TASK GOAL = Of all the entries below, only the lines from the one with "Appartement exclusif au coeur de Lucca - 5" up to and including the one with "Old Cameras and originals 1" are to be duplicated exactly.

RECORDS SUPPLIED section start

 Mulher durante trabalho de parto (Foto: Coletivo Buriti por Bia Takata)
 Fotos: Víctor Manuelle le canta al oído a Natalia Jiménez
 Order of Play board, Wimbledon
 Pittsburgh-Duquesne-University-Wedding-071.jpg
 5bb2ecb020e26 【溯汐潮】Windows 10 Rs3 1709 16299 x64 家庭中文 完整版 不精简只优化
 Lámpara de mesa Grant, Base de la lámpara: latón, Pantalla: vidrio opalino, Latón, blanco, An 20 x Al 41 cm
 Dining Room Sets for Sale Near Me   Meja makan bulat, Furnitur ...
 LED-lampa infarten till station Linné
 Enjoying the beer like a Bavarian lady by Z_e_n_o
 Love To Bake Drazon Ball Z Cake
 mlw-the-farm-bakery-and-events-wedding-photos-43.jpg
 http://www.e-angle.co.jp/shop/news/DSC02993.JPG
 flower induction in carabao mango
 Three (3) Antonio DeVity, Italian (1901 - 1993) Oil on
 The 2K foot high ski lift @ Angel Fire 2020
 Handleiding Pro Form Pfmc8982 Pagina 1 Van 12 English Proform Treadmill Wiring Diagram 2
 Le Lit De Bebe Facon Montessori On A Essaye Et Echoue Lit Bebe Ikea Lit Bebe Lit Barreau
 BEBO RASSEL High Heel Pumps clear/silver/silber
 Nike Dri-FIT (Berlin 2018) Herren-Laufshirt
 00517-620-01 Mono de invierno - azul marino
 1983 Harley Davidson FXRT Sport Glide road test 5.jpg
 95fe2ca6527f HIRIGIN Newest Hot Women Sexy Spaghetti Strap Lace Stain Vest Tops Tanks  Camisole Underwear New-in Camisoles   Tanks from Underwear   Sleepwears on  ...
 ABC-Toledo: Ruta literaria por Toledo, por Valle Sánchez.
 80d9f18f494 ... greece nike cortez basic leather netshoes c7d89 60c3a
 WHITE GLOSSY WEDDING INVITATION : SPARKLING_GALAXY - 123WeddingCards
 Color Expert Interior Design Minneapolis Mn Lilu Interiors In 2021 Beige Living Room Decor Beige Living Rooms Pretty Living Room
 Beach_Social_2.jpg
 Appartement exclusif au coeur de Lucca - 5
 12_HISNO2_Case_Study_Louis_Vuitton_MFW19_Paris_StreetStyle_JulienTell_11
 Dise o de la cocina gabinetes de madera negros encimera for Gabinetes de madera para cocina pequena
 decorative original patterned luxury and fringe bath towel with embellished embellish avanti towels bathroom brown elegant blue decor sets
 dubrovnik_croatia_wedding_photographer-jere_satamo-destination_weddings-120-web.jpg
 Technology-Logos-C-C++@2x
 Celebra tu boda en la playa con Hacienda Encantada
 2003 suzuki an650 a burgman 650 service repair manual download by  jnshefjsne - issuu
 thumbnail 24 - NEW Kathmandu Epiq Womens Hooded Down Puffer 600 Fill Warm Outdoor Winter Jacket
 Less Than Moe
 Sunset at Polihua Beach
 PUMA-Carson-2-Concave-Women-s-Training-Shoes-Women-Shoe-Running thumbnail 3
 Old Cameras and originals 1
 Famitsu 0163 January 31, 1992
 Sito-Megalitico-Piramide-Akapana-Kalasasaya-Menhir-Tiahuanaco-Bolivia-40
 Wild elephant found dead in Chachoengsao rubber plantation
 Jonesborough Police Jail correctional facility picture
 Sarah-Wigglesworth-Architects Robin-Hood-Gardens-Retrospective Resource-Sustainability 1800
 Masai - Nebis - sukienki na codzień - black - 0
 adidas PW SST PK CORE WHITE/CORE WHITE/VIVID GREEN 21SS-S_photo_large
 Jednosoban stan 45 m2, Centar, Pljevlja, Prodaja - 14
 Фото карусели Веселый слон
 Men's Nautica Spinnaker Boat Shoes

RECORDS SUPPLIED section end

SOLUTION TO THE EXERCISE =
 Appartement exclusif au coeur de Lucca - 5
 12_HISNO2_Case_Study_Louis_Vuitton_MFW19_Paris_StreetStyle_JulienTell_11
 Dise o de la cocina gabinetes de madera negros encimera for Gabinetes de madera para cocina pequena
 decorative original patterned luxury and fringe bath towel with embellished embellish avanti towels bathroom brown elegant blue decor sets
 dubrovnik_croatia_wedding_photographer-jere_satamo-destination_weddings-120-web.jpg
 Technology-Logos-C-C++@2x
 Celebra tu boda en la playa con Hacienda Encantada
 2003 suzuki an650 a burgman 650 service repair manual download by  jnshefjsne - issuu
 thumbnail 24 - NEW Kathmandu Epiq Womens Hooded Down Puffer 600 Fill Warm Outdoor Winter Jacket
 Less Than Moe
 Sunset at Polihua Beach
 PUMA-Carson-2-Concave-Women-s-Training-Shoes-Women-Shoe-Running thumbnail 3
 Old Cameras and originals 1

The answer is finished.